Task to complete: Give the records again exactly, with every character kept.

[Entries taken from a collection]

↓↓↓

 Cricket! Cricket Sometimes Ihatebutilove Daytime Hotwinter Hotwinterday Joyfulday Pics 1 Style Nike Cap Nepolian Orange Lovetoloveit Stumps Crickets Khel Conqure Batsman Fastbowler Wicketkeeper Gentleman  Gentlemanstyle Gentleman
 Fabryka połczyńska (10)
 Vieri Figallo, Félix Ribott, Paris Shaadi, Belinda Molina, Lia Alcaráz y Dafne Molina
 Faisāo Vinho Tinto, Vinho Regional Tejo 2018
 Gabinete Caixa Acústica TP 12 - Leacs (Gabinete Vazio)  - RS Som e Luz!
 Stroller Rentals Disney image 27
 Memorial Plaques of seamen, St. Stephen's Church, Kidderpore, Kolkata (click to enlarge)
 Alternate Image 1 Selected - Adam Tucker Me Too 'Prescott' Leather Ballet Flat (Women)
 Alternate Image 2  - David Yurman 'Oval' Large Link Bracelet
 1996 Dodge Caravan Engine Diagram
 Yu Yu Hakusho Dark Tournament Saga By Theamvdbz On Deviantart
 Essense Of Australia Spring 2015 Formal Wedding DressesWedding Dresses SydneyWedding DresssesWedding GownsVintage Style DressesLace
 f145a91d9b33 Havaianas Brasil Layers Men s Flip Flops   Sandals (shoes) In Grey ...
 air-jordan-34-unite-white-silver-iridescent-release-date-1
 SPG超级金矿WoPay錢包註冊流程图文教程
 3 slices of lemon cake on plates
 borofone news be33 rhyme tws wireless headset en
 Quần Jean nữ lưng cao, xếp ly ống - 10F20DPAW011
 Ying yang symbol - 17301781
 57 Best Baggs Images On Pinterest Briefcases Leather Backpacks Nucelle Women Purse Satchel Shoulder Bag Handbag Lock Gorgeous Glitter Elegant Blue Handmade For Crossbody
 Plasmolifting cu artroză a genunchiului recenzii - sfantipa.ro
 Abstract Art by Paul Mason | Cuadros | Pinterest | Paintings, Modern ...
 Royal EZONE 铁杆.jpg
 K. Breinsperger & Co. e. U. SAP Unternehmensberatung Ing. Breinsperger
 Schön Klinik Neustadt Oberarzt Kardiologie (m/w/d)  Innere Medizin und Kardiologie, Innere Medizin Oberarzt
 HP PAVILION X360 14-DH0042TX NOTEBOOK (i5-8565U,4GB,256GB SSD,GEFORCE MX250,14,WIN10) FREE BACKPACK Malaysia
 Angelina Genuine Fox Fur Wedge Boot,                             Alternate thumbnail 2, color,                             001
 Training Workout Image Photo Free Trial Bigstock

↑↑↑

Expected answer:
 Cricket! Cricket Sometimes Ihatebutilove Daytime Hotwinter Hotwinterday Joyfulday Pics 1 Style Nike Cap Nepolian Orange Lovetoloveit Stumps Crickets Khel Conqure Batsman Fastbowler Wicketkeeper Gentleman  Gentlemanstyle Gentleman
 Fabryka połczyńska (10)
 Vieri Figallo, Félix Ribott, Paris Shaadi, Belinda Molina, Lia Alcaráz y Dafne Molina
 Faisāo Vinho Tinto, Vinho Regional Tejo 2018
 Gabinete Caixa Acústica TP 12 - Leacs (Gabinete Vazio)  - RS Som e Luz!
 Stroller Rentals Disney image 27
 Memorial Plaques of seamen, St. Stephen's Church, Kidderpore, Kolkata (click to enlarge)
 Alternate Image 1 Selected - Adam Tucker Me Too 'Prescott' Leather Ballet Flat (Women)
 Alternate Image 2  - David Yurman 'Oval' Large Link Bracelet
 1996 Dodge Caravan Engine Diagram
 Yu Yu Hakusho Dark Tournament Saga By Theamvdbz On Deviantart
 Essense Of Australia Spring 2015 Formal Wedding DressesWedding Dresses SydneyWedding DresssesWedding GownsVintage Style DressesLace
 f145a91d9b33 Havaianas Brasil Layers Men s Flip Flops   Sandals (shoes) In Grey ...
 air-jordan-34-unite-white-silver-iridescent-release-date-1
 SPG超级金矿WoPay錢包註冊流程图文教程
 3 slices of lemon cake on plates
 borofone news be33 rhyme tws wireless headset en
 Quần Jean nữ lưng cao, xếp ly ống - 10F20DPAW011
 Ying yang symbol - 17301781
 57 Best Baggs Images On Pinterest Briefcases Leather Backpacks Nucelle Women Purse Satchel Shoulder Bag Handbag Lock Gorgeous Glitter Elegant Blue Handmade For Crossbody
 Plasmolifting cu artroză a genunchiului recenzii - sfantipa.ro
 Abstract Art by Paul Mason | Cuadros | Pinterest | Paintings, Modern ...
 Royal EZONE 铁杆.jpg
 K. Breinsperger & Co. e. U. SAP Unternehmensberatung Ing. Breinsperger
 Schön Klinik Neustadt Oberarzt Kardiologie (m/w/d)  Innere Medizin und Kardiologie, Innere Medizin Oberarzt
 HP PAVILION X360 14-DH0042TX NOTEBOOK (i5-8565U,4GB,256GB SSD,GEFORCE MX250,14,WIN10) FREE BACKPACK Malaysia
 Angelina Genuine Fox Fur Wedge Boot,                             Alternate thumbnail 2, color,                             001
 Training Workout Image Photo Free Trial Bigstock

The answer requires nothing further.